Later the same morning, Outlaw announced the review into the policing of the rally.
Police in riot gear at the protest. Photograph: Terray Sylvester for the Guardian
Last Friday, Mayor Wheeler announced that Outlaw would be taking personal command of the police response at Saturday’s rally.
Oregon Council on American-Islamic Relations and Portland DSA (Democratic Socialists of America), who both participated in the counter-demonstrations, issued a joint statement calling for police reforms.
Oregon ACLU’s Sarah Armstrong said the police’s “repeated use of excessive force” was “completely unacceptable in a free society”.
On Saturday, Patriot Prayer’s supporters seemed happy with the way in which Portland police handled those who had shown up to oppose their rally.
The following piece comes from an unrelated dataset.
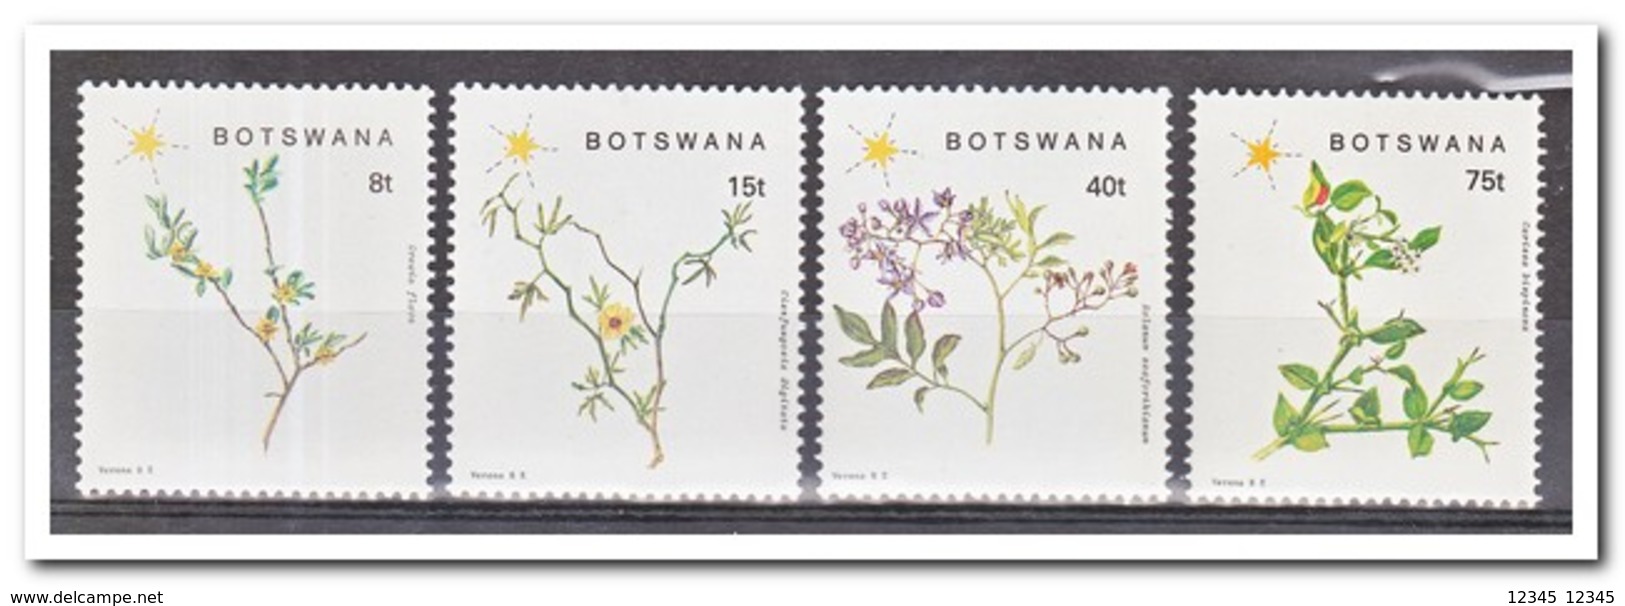 Botswana 1988, Postfris MNH, Plants - Botswana (1966-...)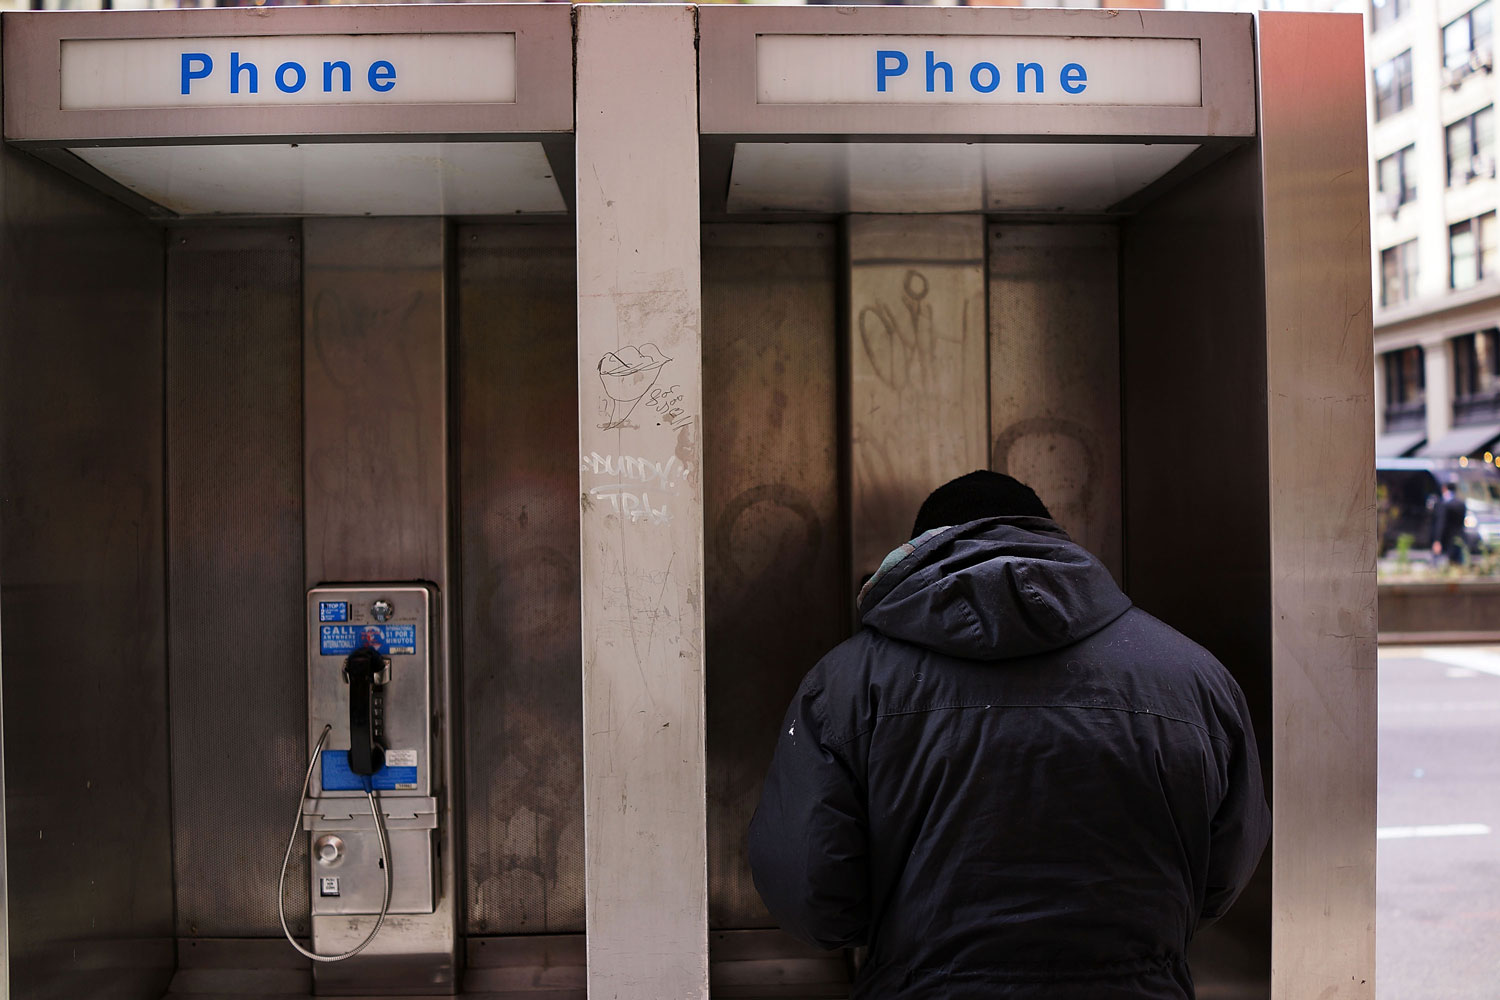 Google quiere transformar las cabinas telefónicas de Nueva York en puntos WiFi gratuitos

One of the group, Tusitala ‘Tiny’ Toese, said: “The cops did their jobs and we’re proud of them.”
Earlier, as police fired flash-bangs at counter-protesters, Toese and the rest of the 400-strong Patriot Prayer group had chanted from across the street: “Lock them up, lock them up.”
Fawcett said Saturday’s events will long be a source of pain and confusion. “Police are supposed to protect people from violence,” she said. “When it’s the police who assault you, where do you go? Does anyone know?”
Saturday’s crowd of more than 400 was one of Patriot Prayer’s biggest to date in a series of over 30 events held in the Pacific north-west and northern California during the life of the Trump administration.